Fresh diets should be evaluated similarly to all commercial pet foods.3,28,44 Suggested metrics for evaluation include:

  • Does the product provide an AAFCO statement for the appropriate life stage of the patient? Products labeled for intermittent or supplemental feeding should not be fed long-term without veterinary guidance, nor should products without an AAFCO statement.​
  • Has the diet been analyzed to confirm the nutrient levels provided, and is a detailed nutrient profile on a caloric basis available? Ideally, foods that are formulated to meet requirements are also tested for confirmation of expected values, which is not a statutory requirement. Feeding trials may be performed, but such trials typically only identify major deficiencies. Foods should always be compared on a caloric basis.45
  • Who formulated the diet, and what are their qualifications? Ideally, diets would be formulated or reviewed by a nutritionist (PhD or board-certified DVM) with experience in the type of food being produced.

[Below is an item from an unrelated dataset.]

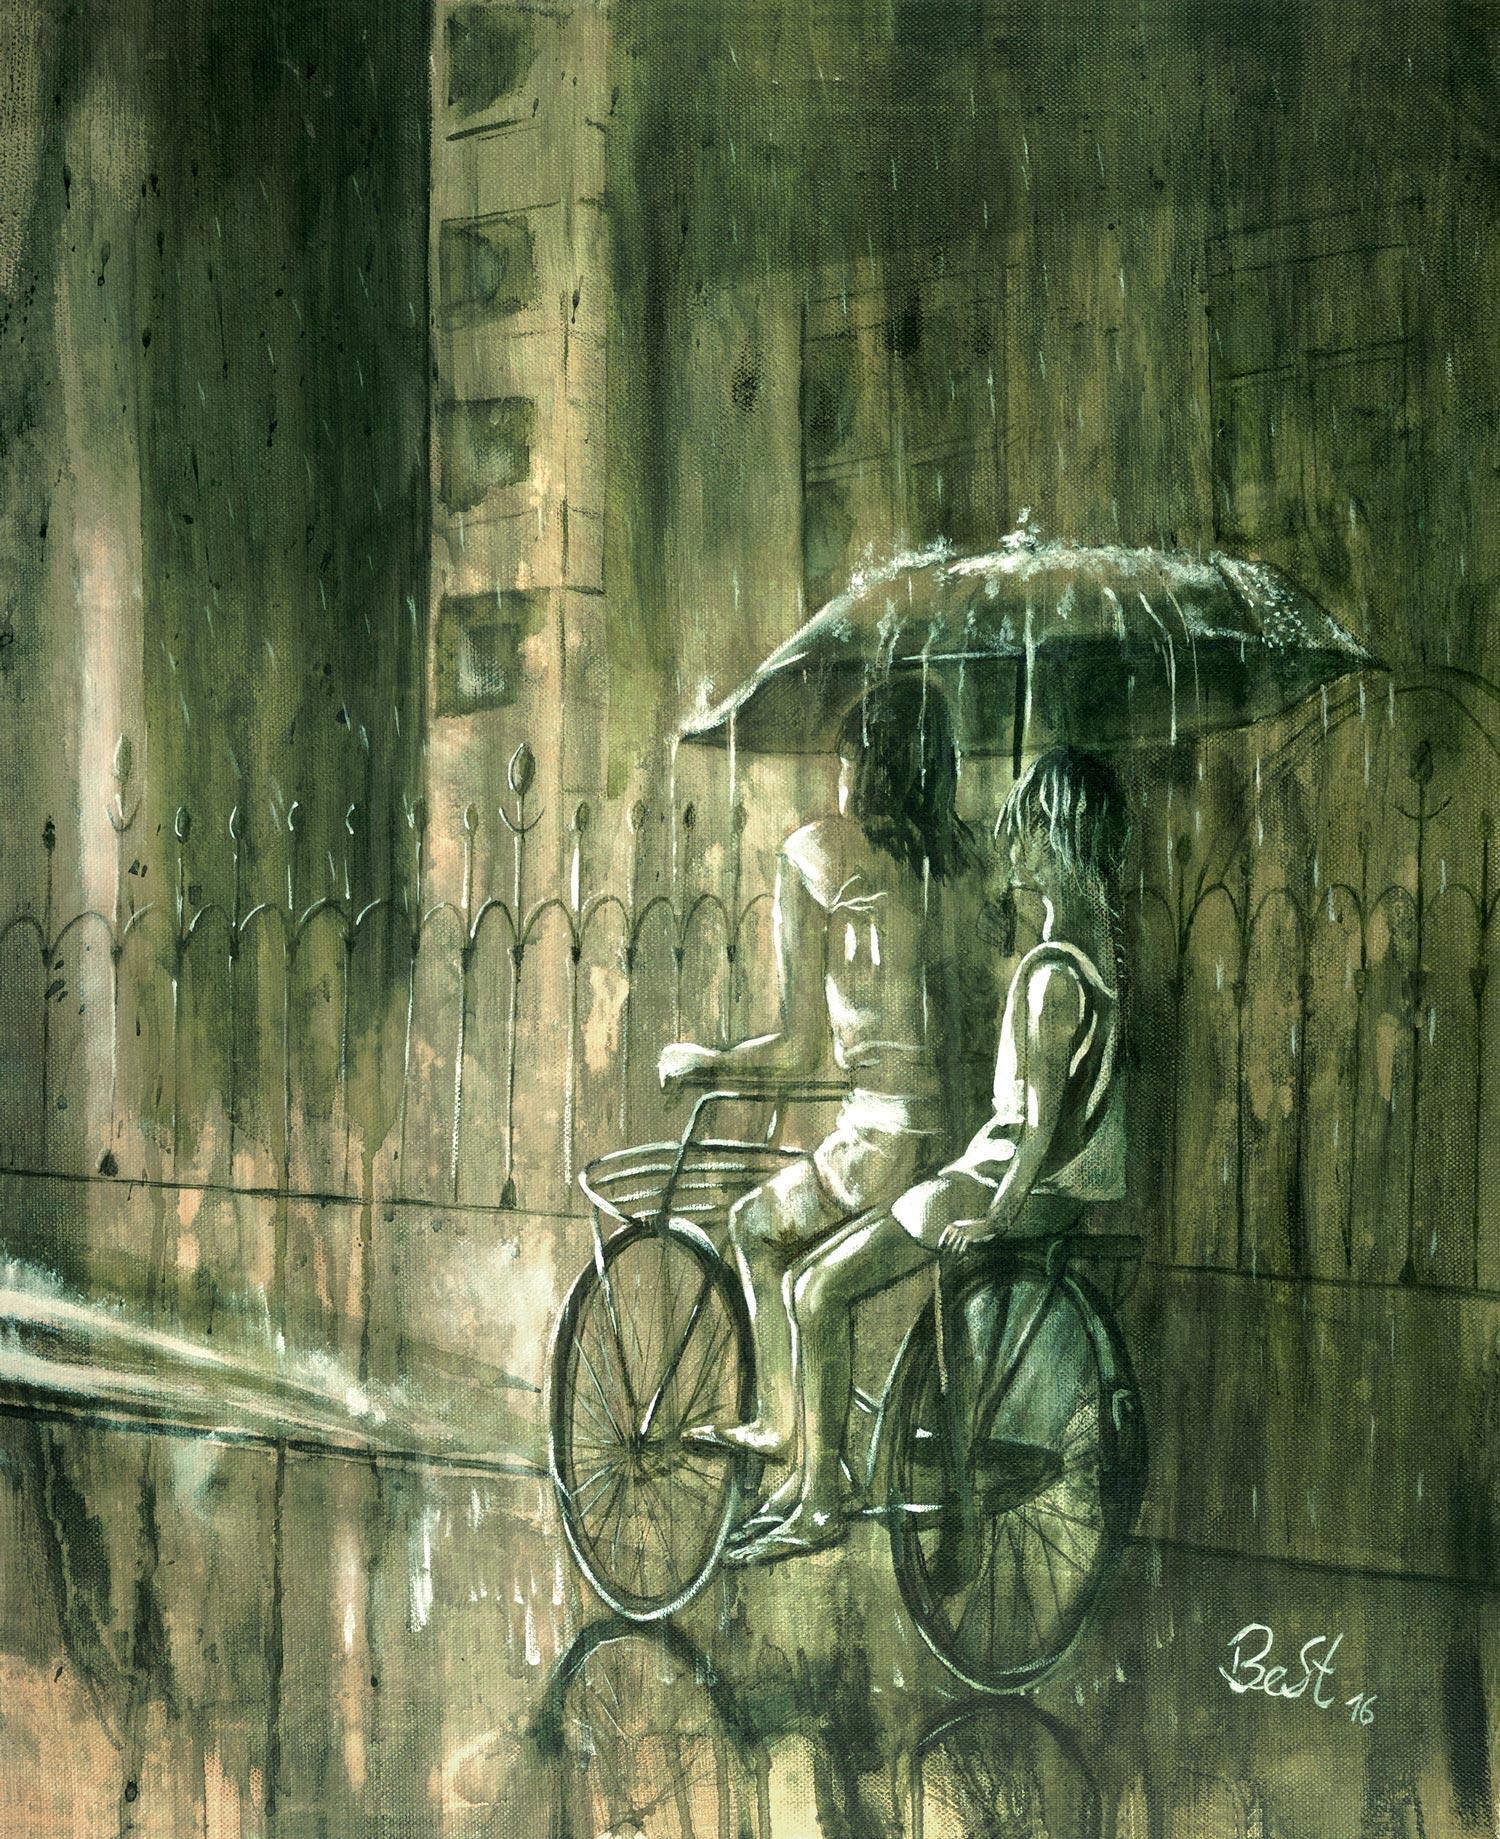 Summer Rain by Bettina Stegemann

  • Does the company operate its own manufacturing facility? Companies producing their own food are expected to maintain more control over the process, but this has not been objectively evaluated.

Fresh foods, by nature, are more perishable than extruded or canned diets. Therefore, owners should be encouraged to ask additional questions regarding food quality and safety:

  • How is the food best stored, and how is temperature controlled during storage and shipping? Fresh foods are susceptible to increased bacterial growth and oxidation if exposed to temperature fluctuations.

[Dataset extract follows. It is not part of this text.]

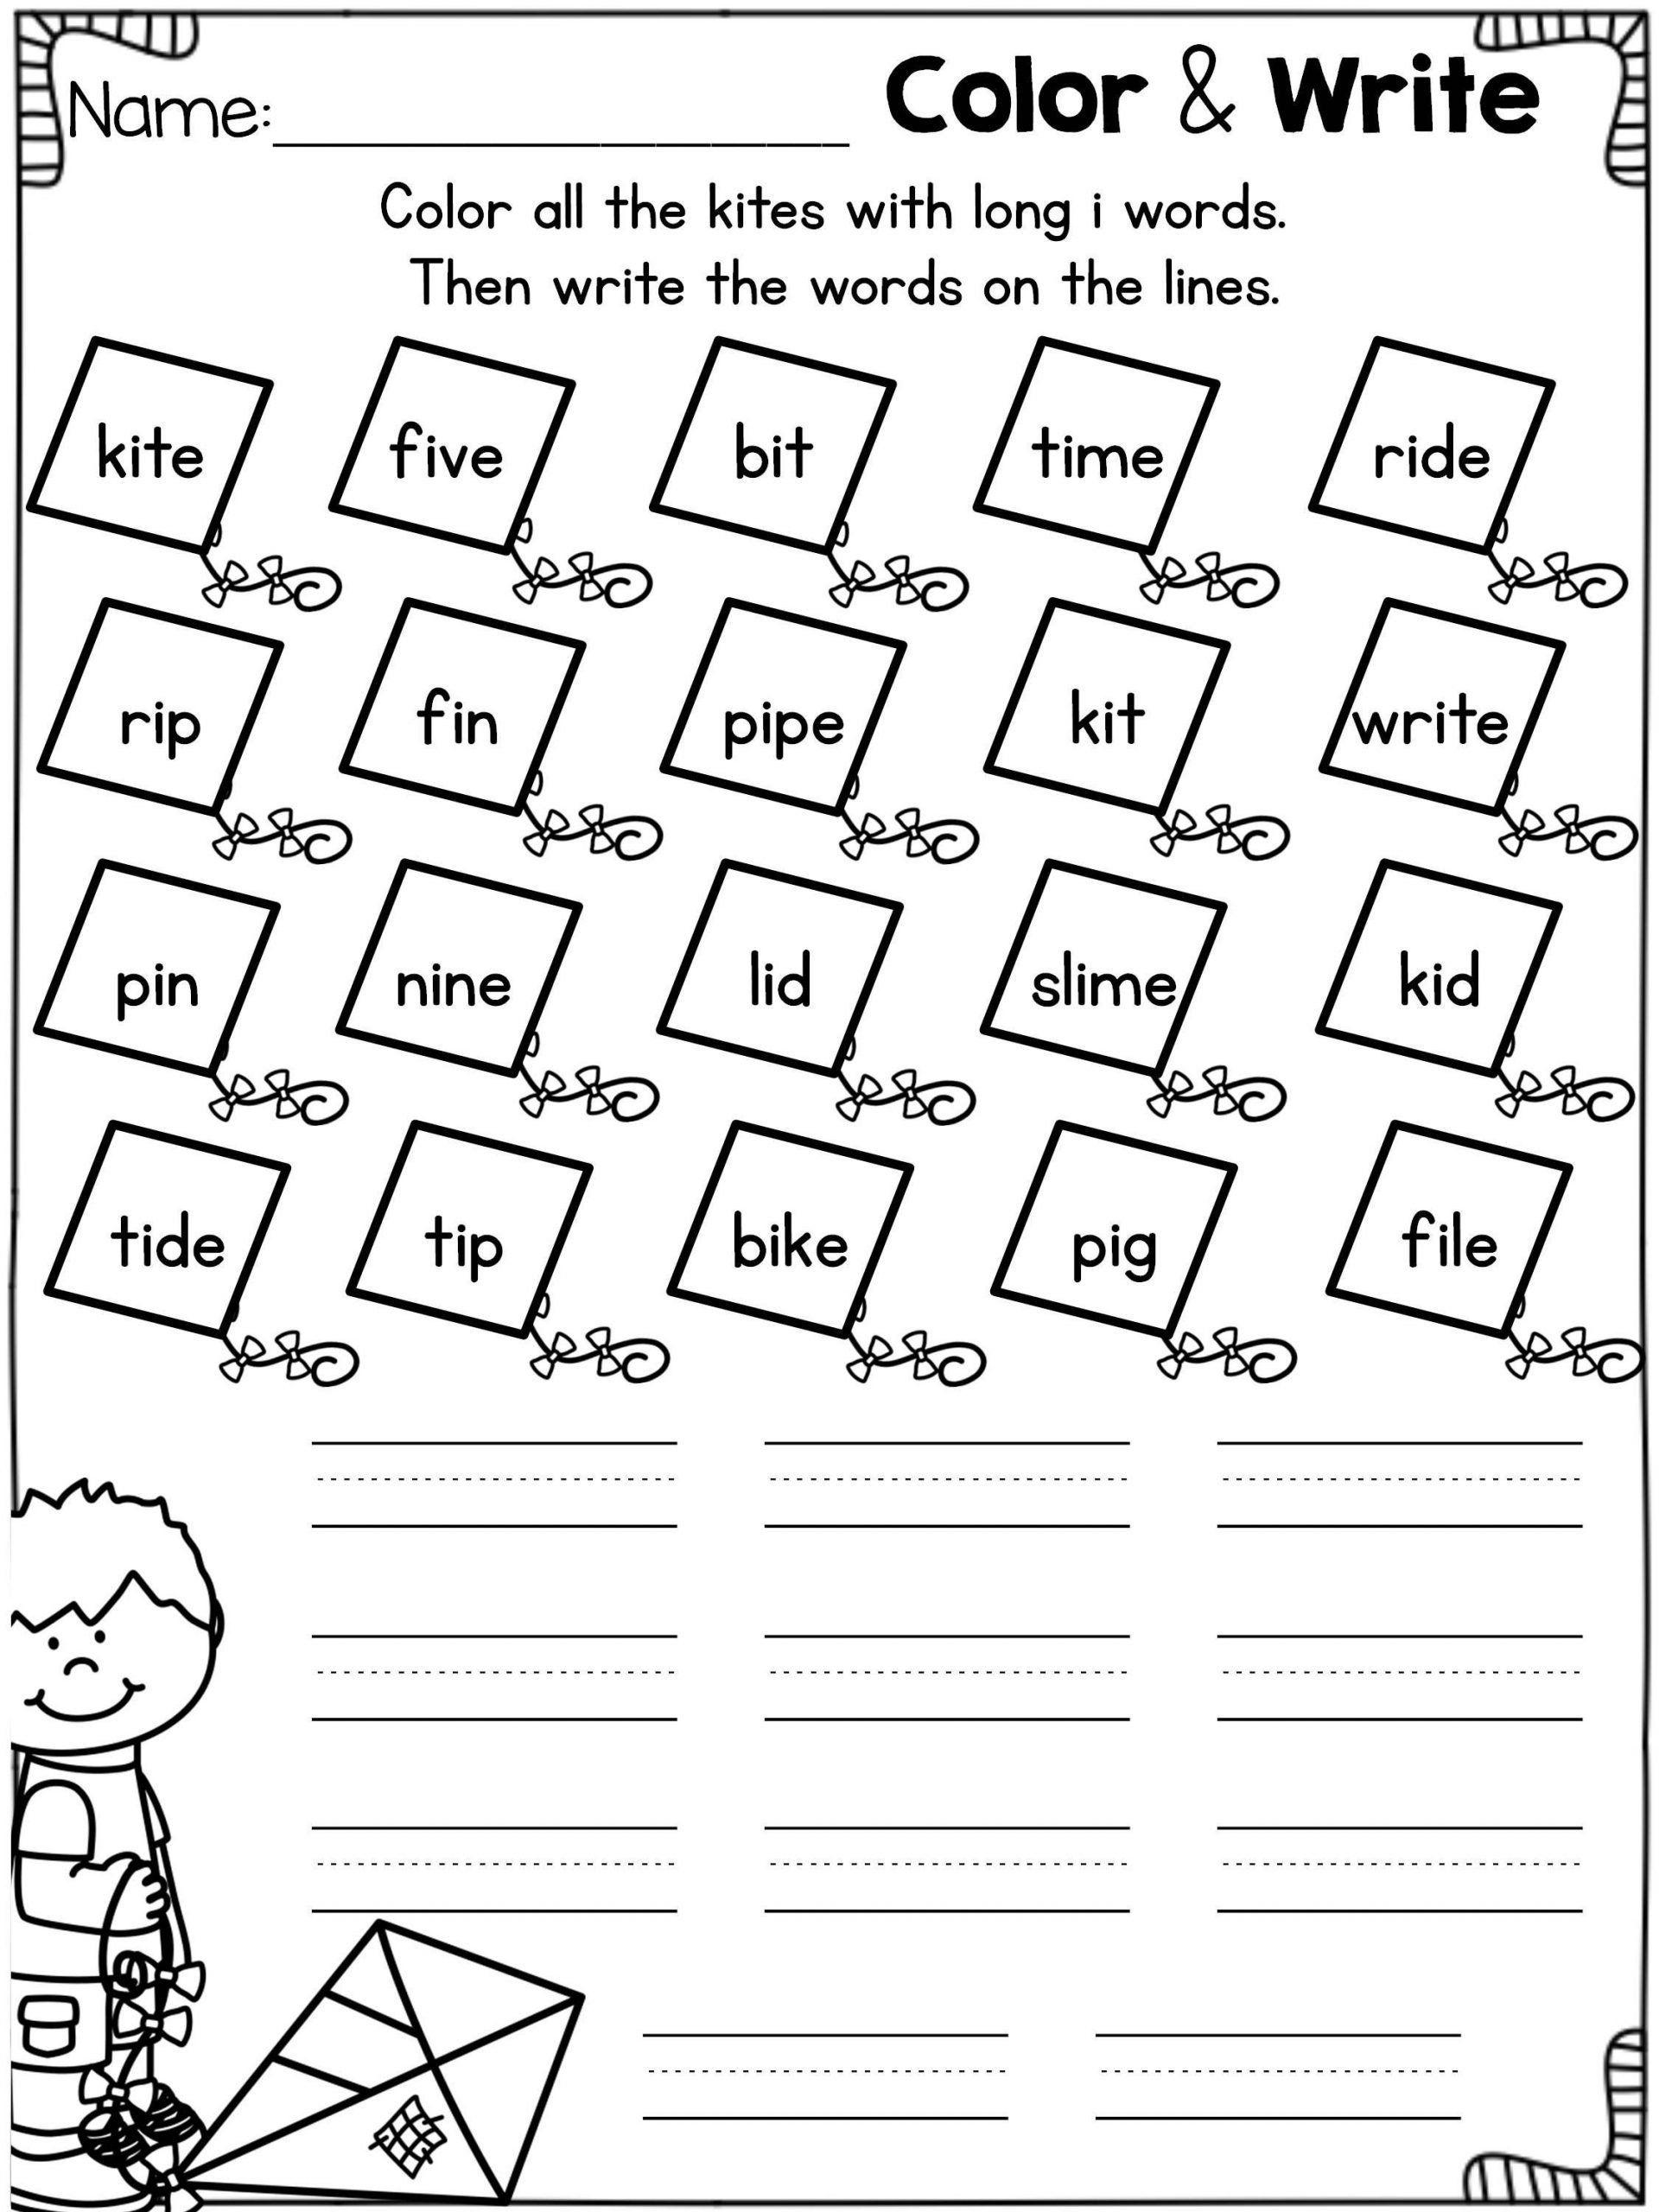 Vowel Worksheets For First Grade Long Vowel Worksheets And Activities Cvce Words Bundle Long Vowel Worksheets Vowel Worksheets Phonics Worksheets Free vowels worksheets for kindergarten

  • How are the ingredients sourced? Owners may have additional questions relating to their preferred evaluation rubric for ingredients.

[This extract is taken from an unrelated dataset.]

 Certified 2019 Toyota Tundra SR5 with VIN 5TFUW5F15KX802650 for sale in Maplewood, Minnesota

  • What safety and quality measures are present in the manufacturing facility? A comprehensive food safety protocol should be followed to reduce the potential for contamination. This should include routine testing for pathogens such as Salmonella and Listeria, the latter of which can reproduce under refrigerated conditions.46
  • What strategies are used to control bacterial growth and pathogens? Raw foods contain higher bacterial concentrations than extruded diets if untreated, but so do many fresh cooked products. Pasteurization and pH-adjusting inclusions (such as acetic and citric acids) can reduce bacterial numbers.28,47 Bacteriophages appear to be in use by at least one company, but there is controversy over the regulatory status of this approach.48


Current recommendations are that all patients should receive a screening nutritional assessment.49 Consumer demand and market forces indicate that home-prepared and commercial fresh diets will be increasingly encountered during this assessment. Knowledge of the diversity of options in this group of diets, as well as their merits, will help practitioners provide the best evidence-based guidelines to clients, match recommendations to the motivations of the owner, and support the specific nutritional needs of the patient.